Monday, June 20, 2011

A Very Beautiful Loglines

Last week, a friend of mine wrote a post about screenwriting. This is not unusual, since this person is herself an aspiring screenwriter, but the topic of this particular post was particularly focused on something I think gets mostly forgotten by people who hope to one day prove to the world that their writing is worth something. Or anything....anything at all.
"A logline, or a one-liner, is something that big muckety-mucks in the film world use as a cheat sheet to the big question on any film goers mind: what is this about? It is a couple of quick and to the point sentences answering just that question." 
The first thing any screenwriting hopeful should understand is that no one, no one wants to hear your half-hour, rambling summary of whatever you're working on. Not even your mother, though she might pretend to, bless her.

Here's an example: Weighted is about a boy who can fly and his sister, who can't.

There can be more, of course. It depends on how much of the story you want to reveal in its logline. There are augmented versions of the above example that get into more of what happens, and why, and even how the whole thing resolves, but the kernel of the story is right there in that one sentence. That really is what Weighted is about. So whenever anyone asks me, I have a really short, simple answer for them. And guess what, that's all they really want to know anyway.
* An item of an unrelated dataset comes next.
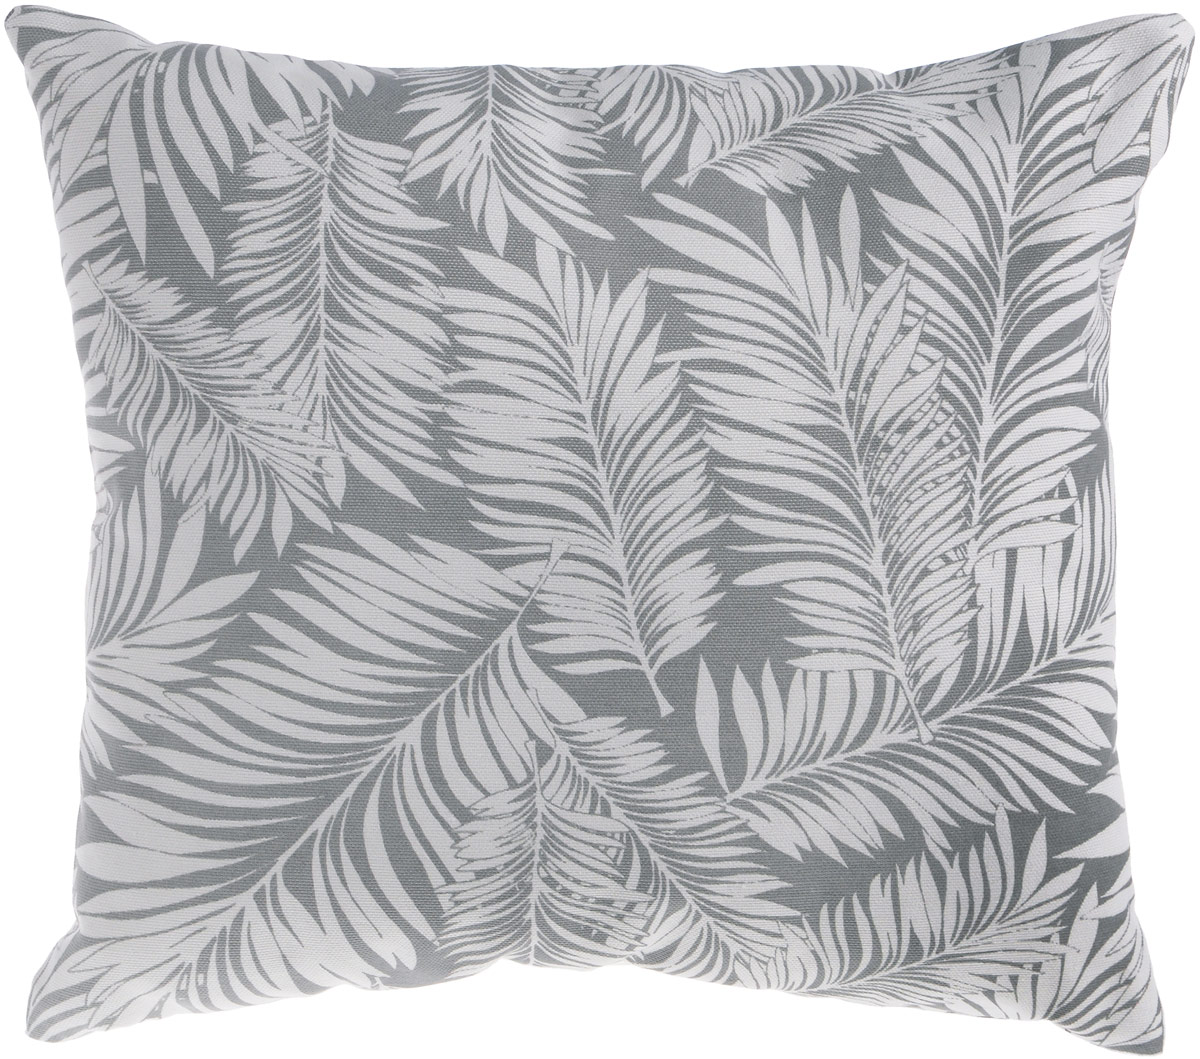 Подушка декоративная KauffOrt Пальма, цвет: серый, 40 x 40 см3122135630Декоративная подушка Пальма прекрасно дополнит интерьер спальни или гостиной. Очень нежный на ощупь чехол подушки выполнен из 75% хлопка и 25% полиэстера. Внутри находится мягкий наполнитель. Чехол легко снимается благодаря потайной молнии.Красивая подушка создаст атмосферу уюта и комфорта в спальне и станет прекрасным элементом декора.

But my friend goes on to point out another, less-obvious purpose for these little buggers.
"And the reason that I have to be good at them, besides simply selling one, is that it doesn't serve you as a writer to keep endlessly writing a screenplay or novel about something that you're not quite sure about. The story starts to take some interesting detours in and out of genre and theme and SENSE when you don't know precisely what is supposed to happen."
In other words, you better know what your story is about, in the simplest possible terms, or it'll never be good, even if you manage to miraculously finish it.